(Study material begins)

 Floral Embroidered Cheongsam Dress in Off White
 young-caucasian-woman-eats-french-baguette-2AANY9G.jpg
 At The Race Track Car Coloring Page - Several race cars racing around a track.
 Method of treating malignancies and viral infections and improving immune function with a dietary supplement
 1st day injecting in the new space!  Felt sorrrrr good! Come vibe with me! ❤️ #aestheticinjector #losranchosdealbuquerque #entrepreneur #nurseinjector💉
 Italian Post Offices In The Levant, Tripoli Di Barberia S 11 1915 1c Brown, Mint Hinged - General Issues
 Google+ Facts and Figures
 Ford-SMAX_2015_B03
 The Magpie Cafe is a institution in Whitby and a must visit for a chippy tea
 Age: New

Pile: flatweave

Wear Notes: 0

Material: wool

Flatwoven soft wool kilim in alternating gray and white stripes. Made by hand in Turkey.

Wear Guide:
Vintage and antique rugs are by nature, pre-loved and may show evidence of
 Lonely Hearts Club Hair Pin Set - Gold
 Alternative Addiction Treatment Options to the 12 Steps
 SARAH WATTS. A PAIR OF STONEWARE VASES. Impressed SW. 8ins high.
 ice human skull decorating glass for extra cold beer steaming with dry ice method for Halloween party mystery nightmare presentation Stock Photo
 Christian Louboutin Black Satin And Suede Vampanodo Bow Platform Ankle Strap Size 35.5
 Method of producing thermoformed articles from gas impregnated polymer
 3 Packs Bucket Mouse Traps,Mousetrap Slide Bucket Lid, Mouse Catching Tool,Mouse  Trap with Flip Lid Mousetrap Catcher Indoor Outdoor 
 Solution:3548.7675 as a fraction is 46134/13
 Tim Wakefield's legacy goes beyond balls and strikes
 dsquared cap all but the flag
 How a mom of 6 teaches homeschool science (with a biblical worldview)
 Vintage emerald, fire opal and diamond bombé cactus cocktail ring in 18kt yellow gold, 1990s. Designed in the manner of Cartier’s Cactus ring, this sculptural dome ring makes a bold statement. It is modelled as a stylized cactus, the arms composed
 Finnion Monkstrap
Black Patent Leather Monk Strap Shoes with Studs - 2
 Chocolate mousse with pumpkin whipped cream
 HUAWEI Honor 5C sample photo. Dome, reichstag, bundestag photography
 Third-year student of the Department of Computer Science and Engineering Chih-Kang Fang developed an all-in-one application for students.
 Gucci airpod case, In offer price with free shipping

(Study material ends)

# Work to complete
Repeat the whole listing, keeping every word exactly as it is.

# Result
 Floral Embroidered Cheongsam Dress in Off White
 young-caucasian-woman-eats-french-baguette-2AANY9G.jpg
 At The Race Track Car Coloring Page - Several race cars racing around a track.
 Method of treating malignancies and viral infections and improving immune function with a dietary supplement
 1st day injecting in the new space!  Felt sorrrrr good! Come vibe with me! ❤️ #aestheticinjector #losranchosdealbuquerque #entrepreneur #nurseinjector💉
 Italian Post Offices In The Levant, Tripoli Di Barberia S 11 1915 1c Brown, Mint Hinged - General Issues
 Google+ Facts and Figures
 Ford-SMAX_2015_B03
 The Magpie Cafe is a institution in Whitby and a must visit for a chippy tea
 Age: New

Pile: flatweave

Wear Notes: 0

Material: wool

Flatwoven soft wool kilim in alternating gray and white stripes. Made by hand in Turkey.

Wear Guide:
Vintage and antique rugs are by nature, pre-loved and may show evidence of
 Lonely Hearts Club Hair Pin Set - Gold
 Alternative Addiction Treatment Options to the 12 Steps
 SARAH WATTS. A PAIR OF STONEWARE VASES. Impressed SW. 8ins high.
 ice human skull decorating glass for extra cold beer steaming with dry ice method for Halloween party mystery nightmare presentation Stock Photo
 Christian Louboutin Black Satin And Suede Vampanodo Bow Platform Ankle Strap Size 35.5
 Method of producing thermoformed articles from gas impregnated polymer
 3 Packs Bucket Mouse Traps,Mousetrap Slide Bucket Lid, Mouse Catching Tool,Mouse  Trap with Flip Lid Mousetrap Catcher Indoor Outdoor 
 Solution:3548.7675 as a fraction is 46134/13
 Tim Wakefield's legacy goes beyond balls and strikes
 dsquared cap all but the flag
 How a mom of 6 teaches homeschool science (with a biblical worldview)
 Vintage emerald, fire opal and diamond bombé cactus cocktail ring in 18kt yellow gold, 1990s. Designed in the manner of Cartier’s Cactus ring, this sculptural dome ring makes a bold statement. It is modelled as a stylized cactus, the arms composed
 Finnion Monkstrap
Black Patent Leather Monk Strap Shoes with Studs - 2
 Chocolate mousse with pumpkin whipped cream
 HUAWEI Honor 5C sample photo. Dome, reichstag, bundestag photography
 Third-year student of the Department of Computer Science and Engineering Chih-Kang Fang developed an all-in-one application for students.
 Gucci airpod case, In offer price with free shipping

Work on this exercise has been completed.